Margaret Thatcher’s Ministerial Box Sells for Highly Inflated Price of £242,500
The sale was nearly 50 times its high estimate.
A red ministerial box once belonging to former British prime minister Margaret Thatcher blew to smithereens its conservative estimate of £3,000–5,000 ($4,508–7,514) at Christie’s London on December 15 when it sold for £242,500 ($364,455) to an unnamed buyer.
The elegant box, which is embossed with the words “H.M. Queen Elizabeth II” and “Prime Minister,” was used by Thatcher to carry confidential documents.
The auction of Thatcher’s personal belongings included approximately 150 items of the former prime minister, who died in 2013. A small silver bowl sold for £47,500 ($71,378), a signed photo for £13,000 ($19,535), and Thatcher’s midnight blue velvet wedding gown fetched £25,000 ($37,875). The final total was £3,280,475 ($4,929,553).
Many of the items in the auction revealed Thatcher’s “secret passion” for fashion—not a trait she was known for during her time in office.

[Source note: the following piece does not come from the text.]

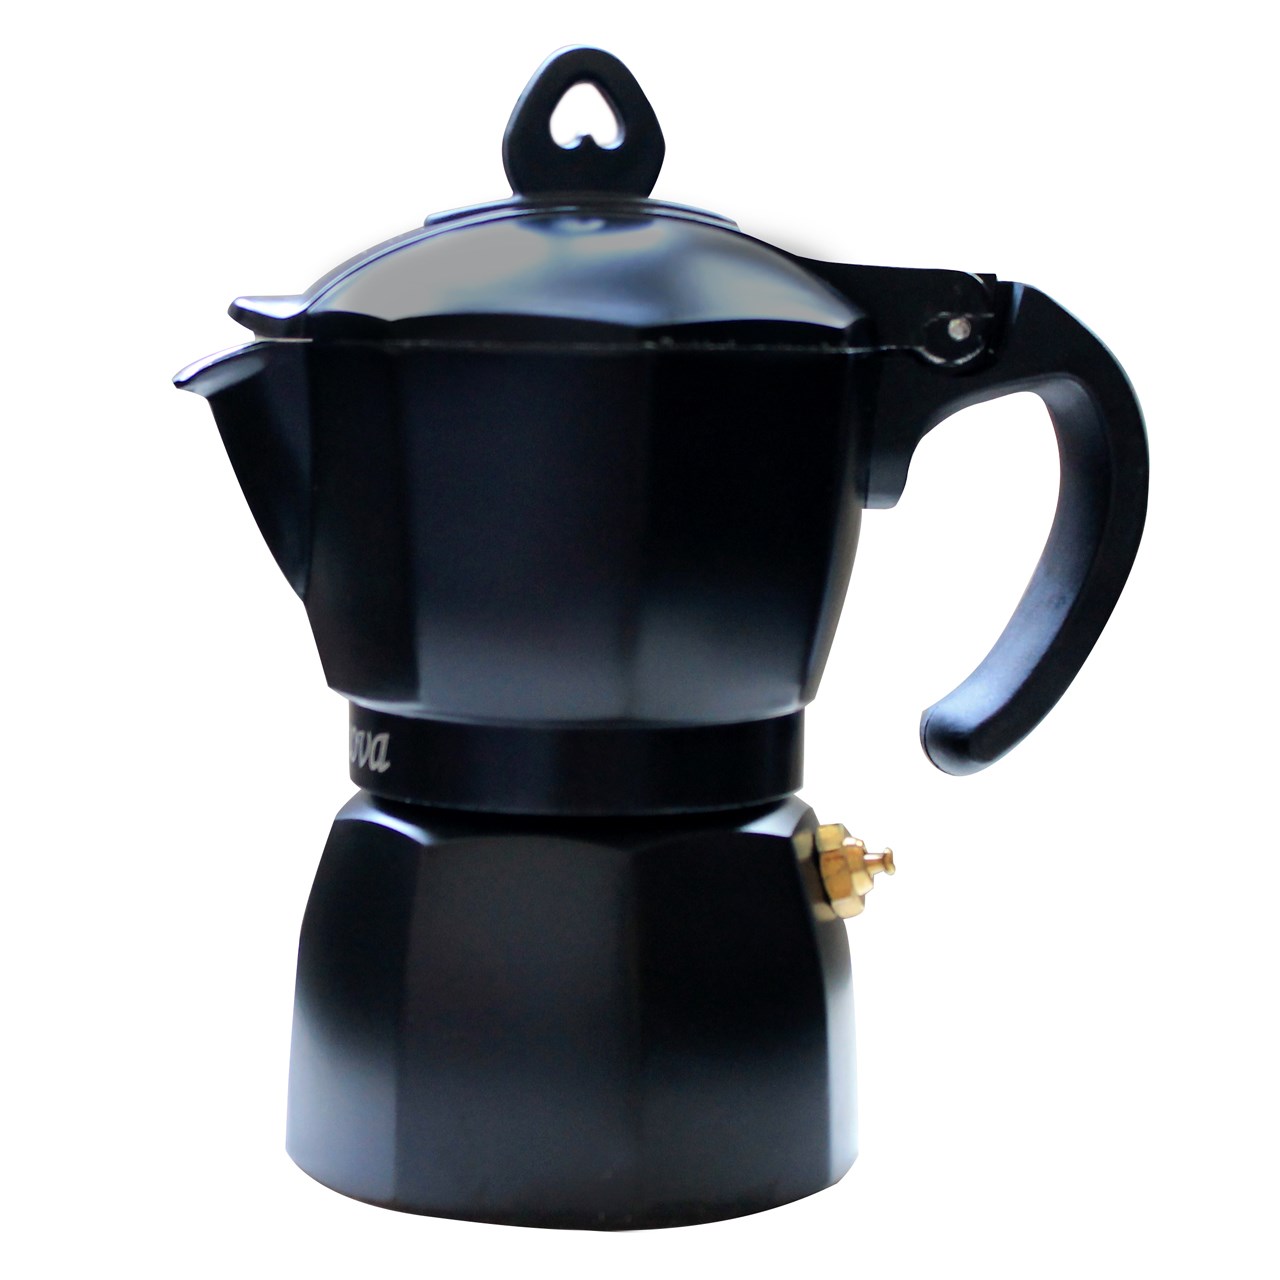 آنباکس قهوه ساز جنوا مدل AQ 2 Cups توسط نرگس برهان در تاریخ ۰۶ دی ۱۳۹۹

“When she became the first woman prime minister, she used clothes as a way of emphasizing her power,” curator Meredith Etherington-Smith told the AFP.
“Every time there was a photo opportunity, she was beautifully dressed, immaculately coiffured, with a nice handbag, and she looked what she was: a powerful person.”
The Daily Mail, however, notes that Thatcher herself might have had a thing or two to say about the rampant price inflation on display at the auction.
“Why wasn’t there a national institution ready and willing to gather up all this for posterity,” the British newspaper asks, “instead of watching her handbags, hats, shoes, dresses and even her school prizes fought over by expats, tax exiles and overseas admirers from as far afield as Switzerland and California?”
This statement comes after controversy surrounding the decision by the Victoria & Albert Museum to turn down a chance to acquire the artifacts.